AVAILABLE DATA ▸
========================
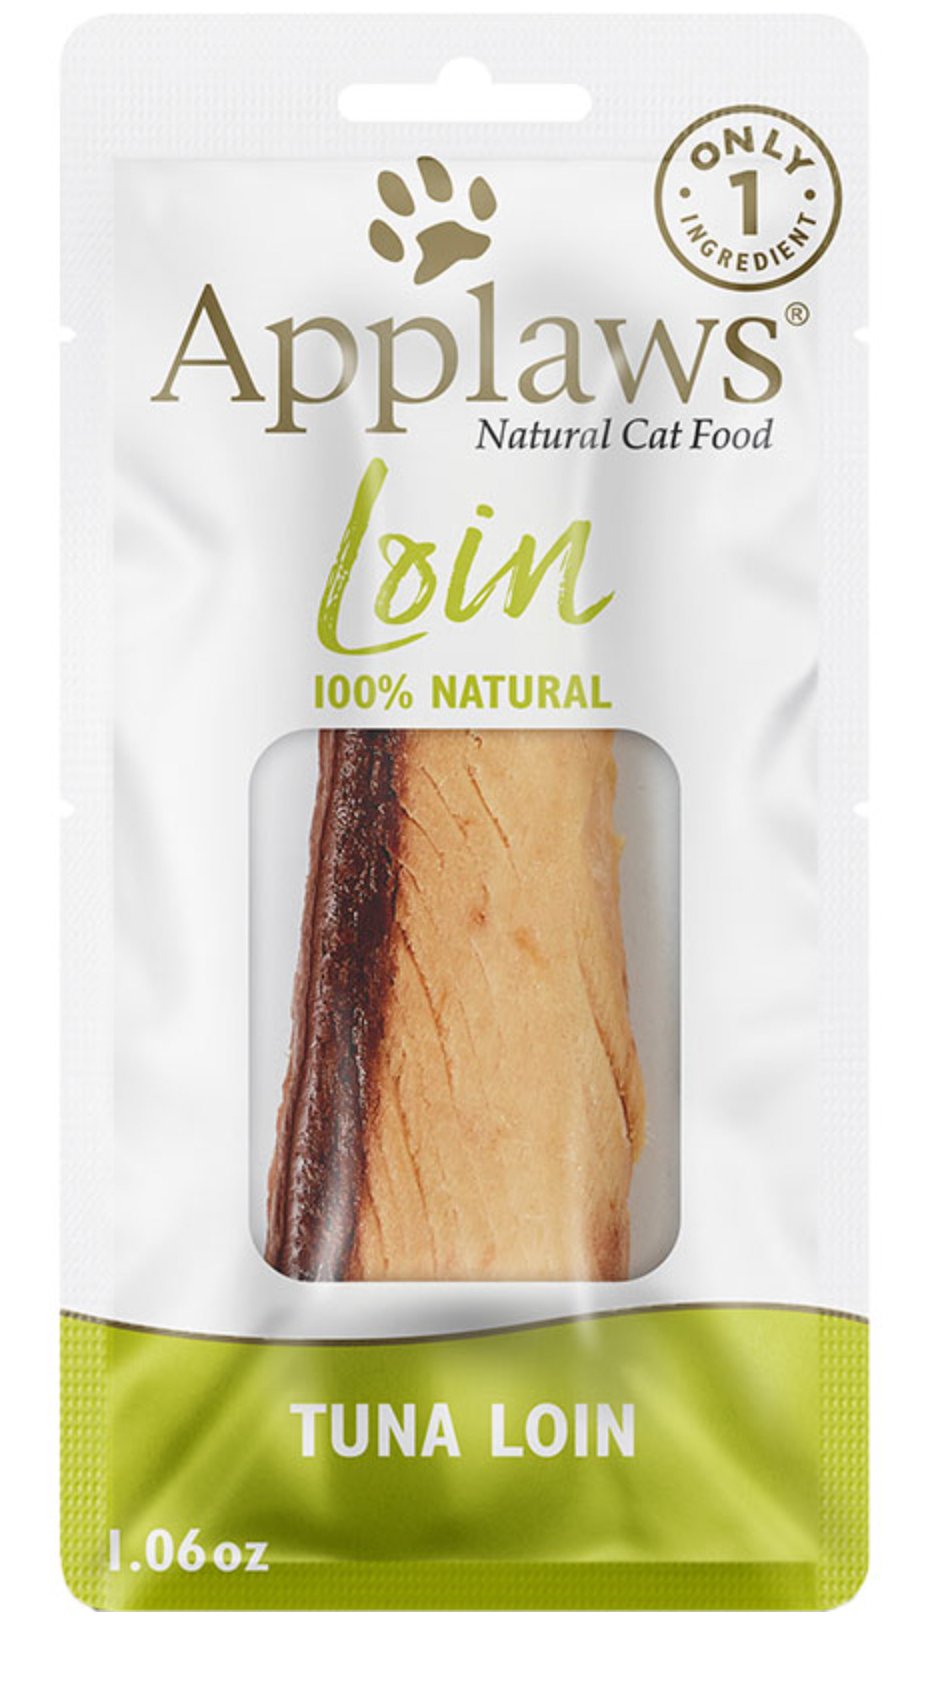 Applaws 100% Natural Tuna Loin, 1.06 oz.
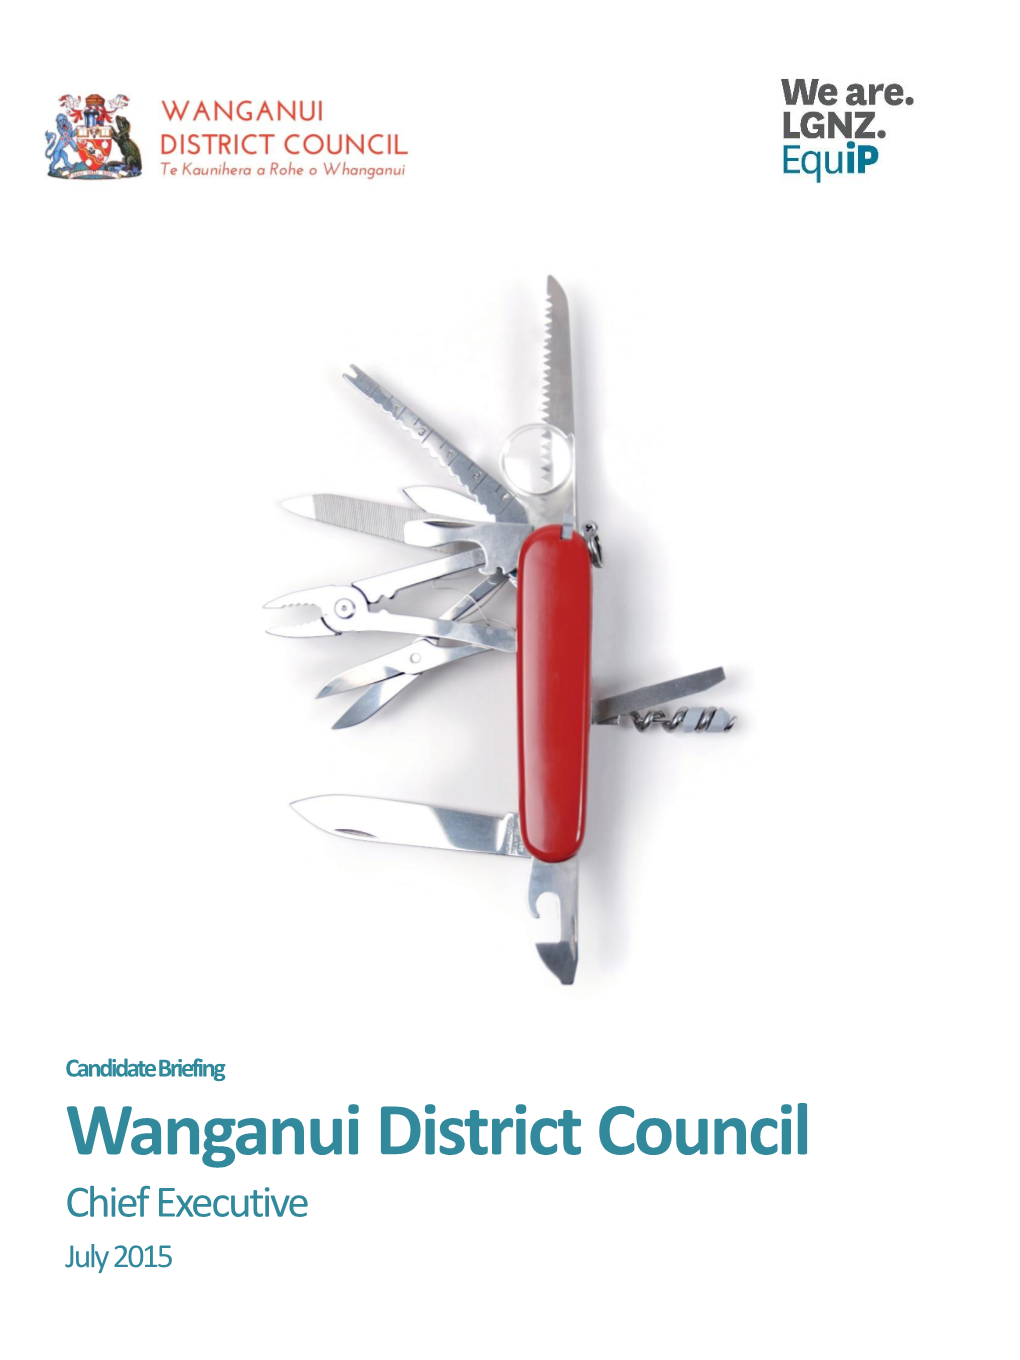 Wanganui District Council Chief Executive
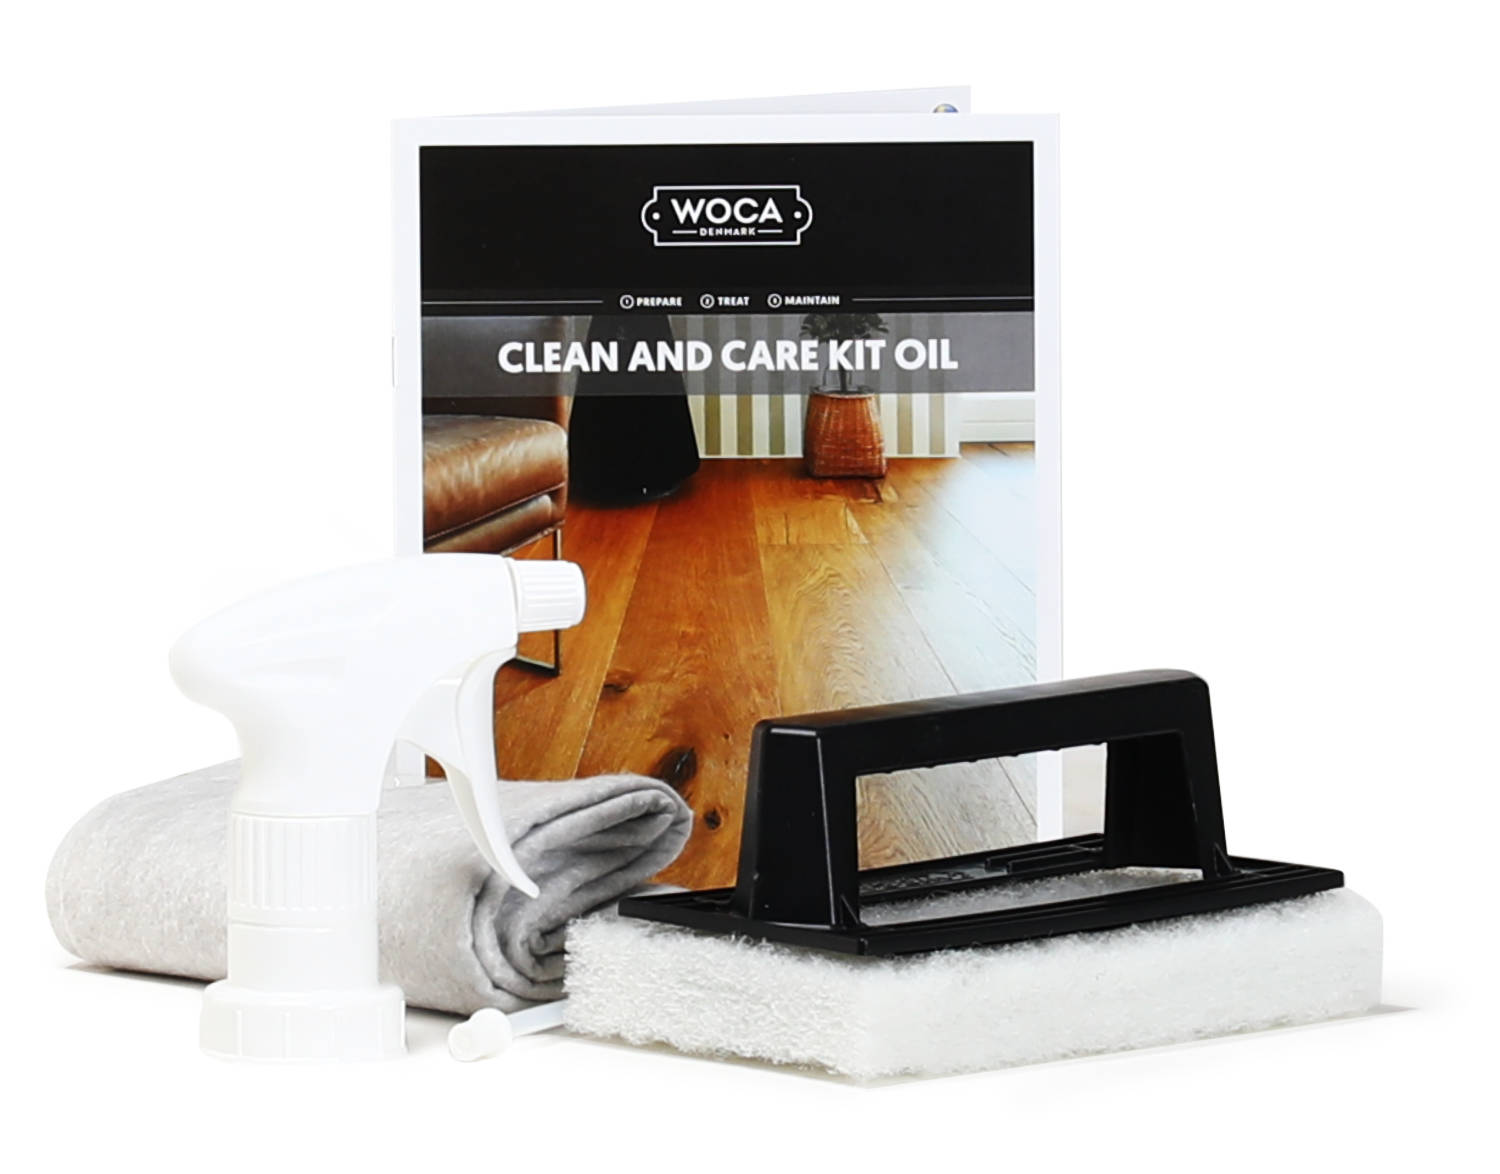 WOCA Pflegebox - Clean and Care Kit | Natur
========================
EXERCISE ▸
Return the material above exactly; the images stay out.

EXERCISE ANSWER ▸
 Applaws 100% Natural Tuna Loin, 1.06 oz.
 Wanganui District Council Chief Executive
 WOCA Pflegebox - Clean and Care Kit | Natur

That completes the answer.